International Journal of Epidemiology | 2018
Rebecca Bentley; Emma Baker; Koen Simons; Julie A. Simpson; Tony Blakely
Background Social housing may provide an affordable and secure residential environment, but has also been associated with stigma, poor housing conditions and locational disadvantage. We examined the cumulative effect of additional years, and tenure security (number of transitions in/out), of social housing on mental health in a large cohort of lower-income Australians. Methods We analysed a longitudinal panel survey that annually collected information on tenure and health from 2001 to 2013. To address the time-varying effect of previous health on social housing occupancy, we used marginal structural models. Stabilized inverse probabilities of treatment weights were generated using ensemble learning to improve prediction. To address remaining residual imbalance across covariates, double adjustment was made by additionally including baseline covariates in models.
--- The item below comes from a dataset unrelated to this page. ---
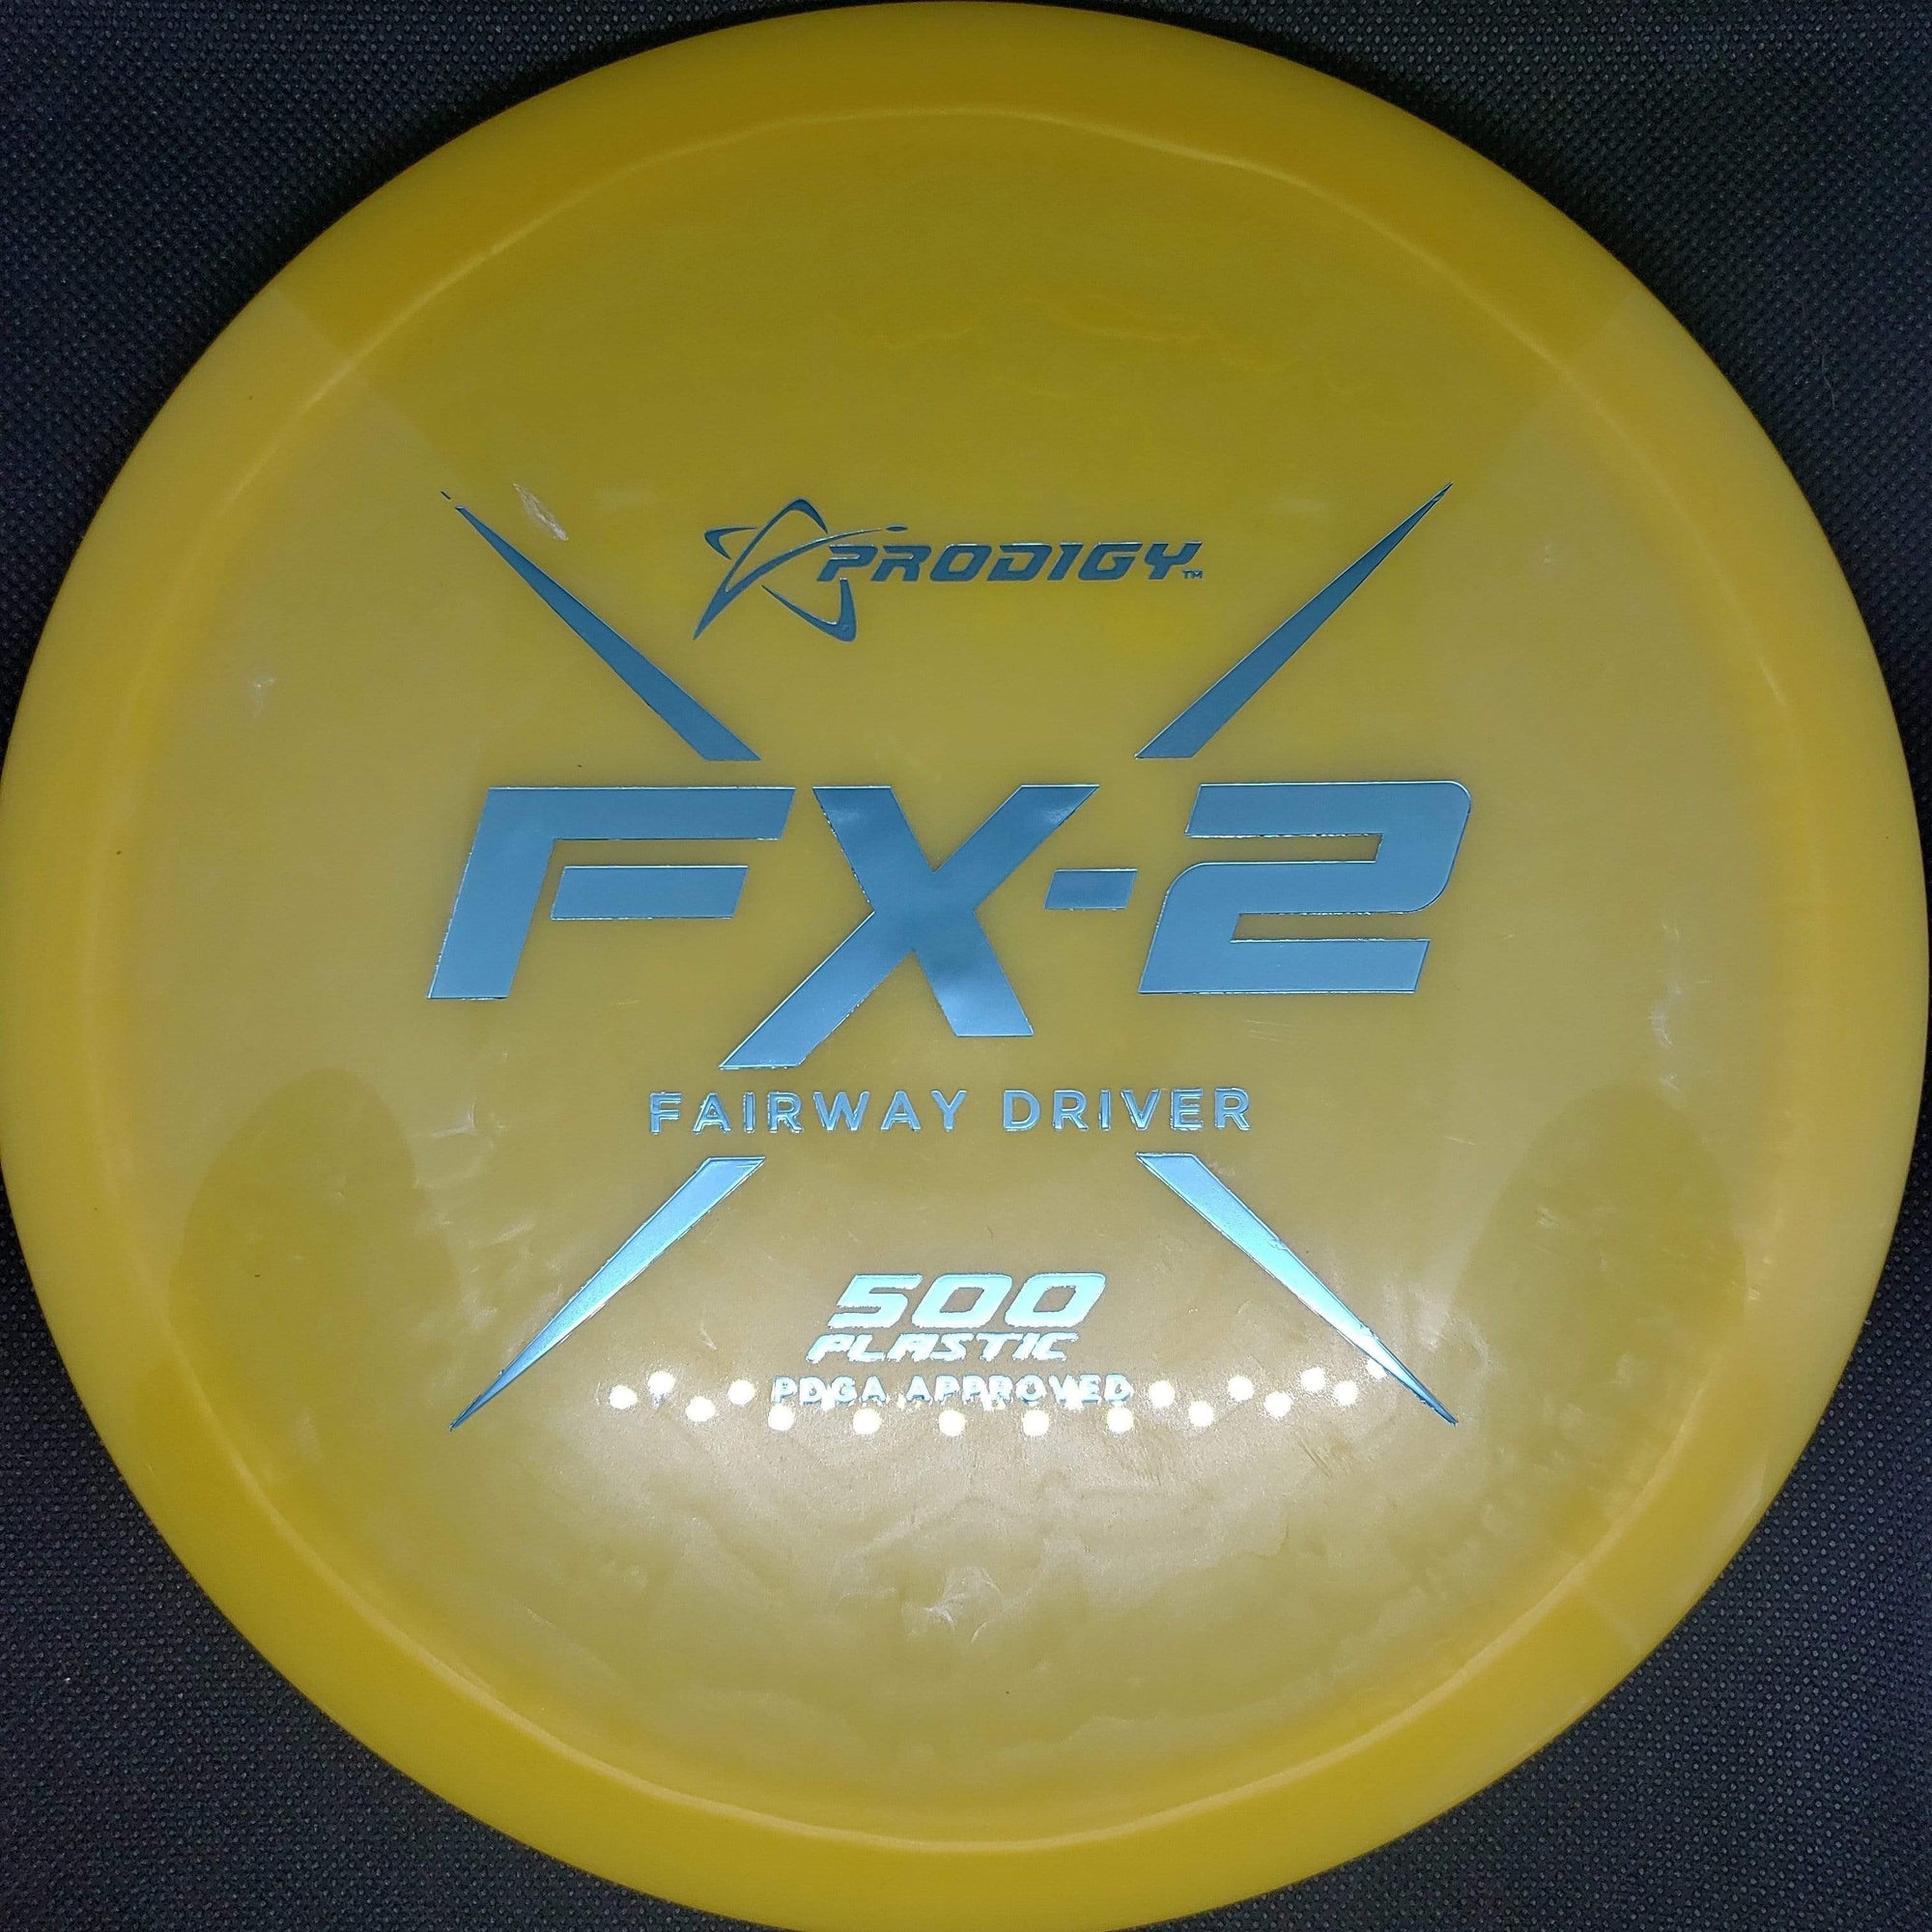 Prodigy Fairway Driver Yellow Teal Stamp 174g FX2 , 500 Plastic

Mental health was measured using the Mental Health Short-Form summary measure of the SF-36 (MH), and psychological distress was measured using the Kessler Psychological Distress Scale (K10). Results People who had continuous exposure to social housing had worse mental health on average than people continuously occupying other tenures. The worst mental health outcomes, however, were observed for people who made multiple transitions. Mental health deteriorated and psychological distress increased with number of transitions: MH -1.04 [95% confidence interval (CI) -2.16; 0.09) and K10 0.56 (95% CI 0.12; 1.00). Estimates are in the order of 6% (MH) and 9% (K10) of one standard deviation for each measure. Conclusions The more transitions people made in/out of social housing, the greater the impact on mental health and psychological distress, supporting the case for provision of more stable forms of social housing.